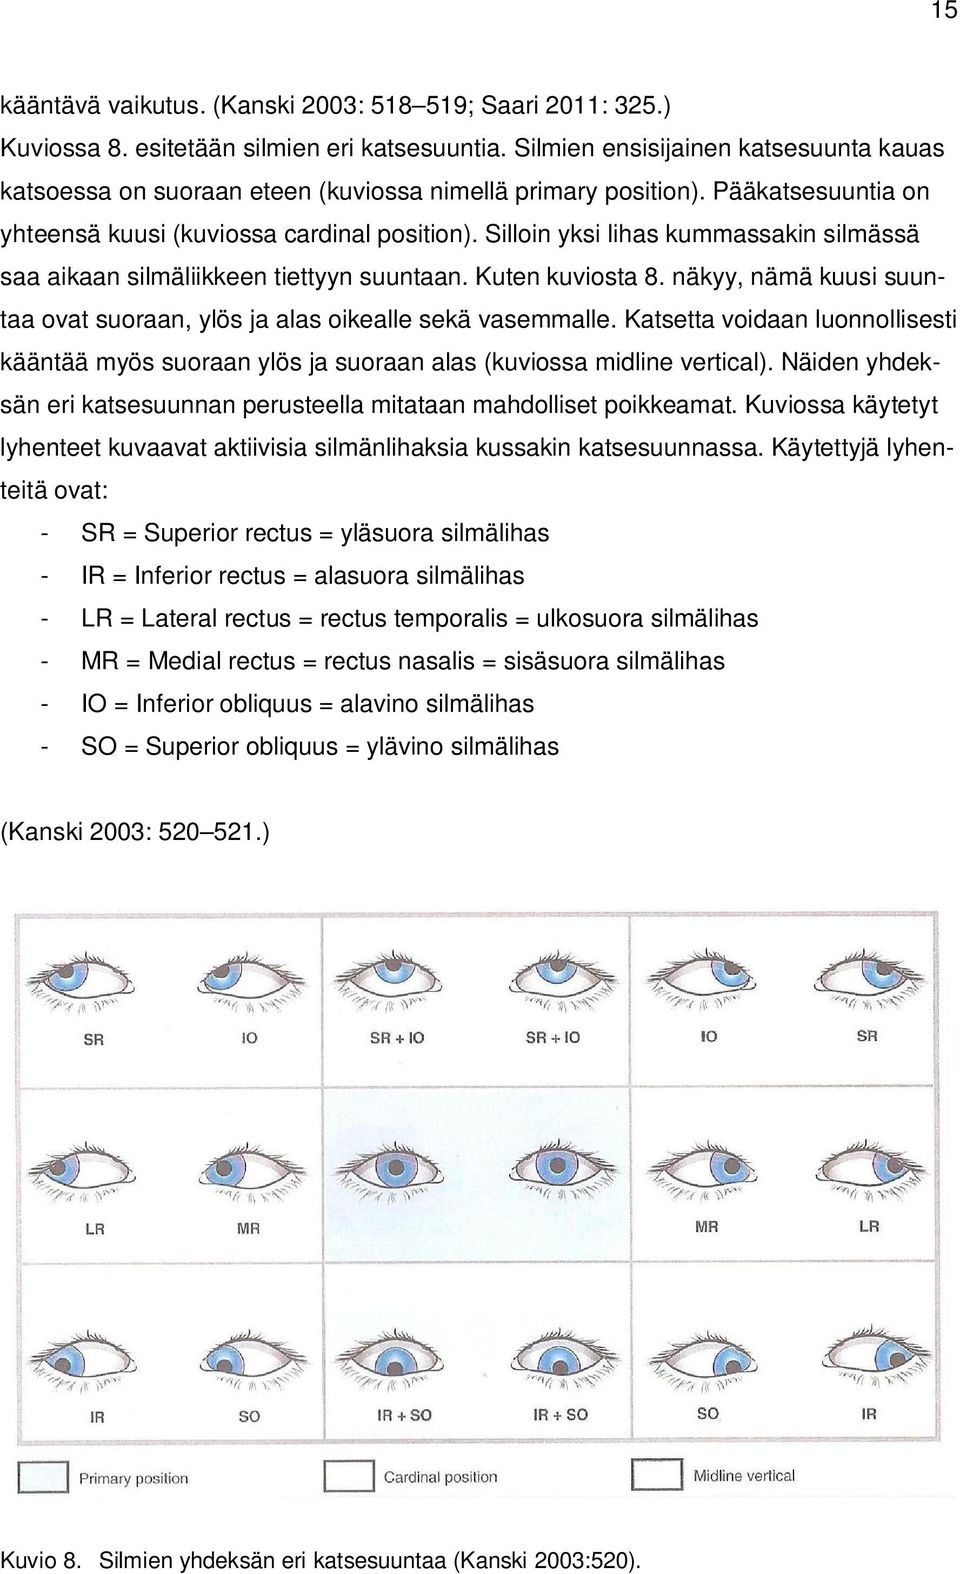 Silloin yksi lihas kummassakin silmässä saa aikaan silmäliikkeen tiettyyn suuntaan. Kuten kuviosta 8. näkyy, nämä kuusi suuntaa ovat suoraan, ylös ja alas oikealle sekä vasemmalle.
====================
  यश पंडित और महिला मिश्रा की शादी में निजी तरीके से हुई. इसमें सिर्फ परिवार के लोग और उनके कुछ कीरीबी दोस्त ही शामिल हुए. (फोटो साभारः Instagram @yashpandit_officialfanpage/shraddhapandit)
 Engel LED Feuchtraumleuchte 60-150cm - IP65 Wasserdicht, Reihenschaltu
====================
Requirement: Here the output must be the lines above from the line with "यश पंडित और" to the line with "Engel LED Feuchtraumleuchte", both included, duplicated word for word and nothing else.

Answer to the problem:
  यश पंडित और महिला मिश्रा की शादी में निजी तरीके से हुई. इसमें सिर्फ परिवार के लोग और उनके कुछ कीरीबी दोस्त ही शामिल हुए. (फोटो साभारः Instagram @yashpandit_officialfanpage/shraddhapandit)
 Engel LED Feuchtraumleuchte 60-150cm - IP65 Wasserdicht, Reihenschaltu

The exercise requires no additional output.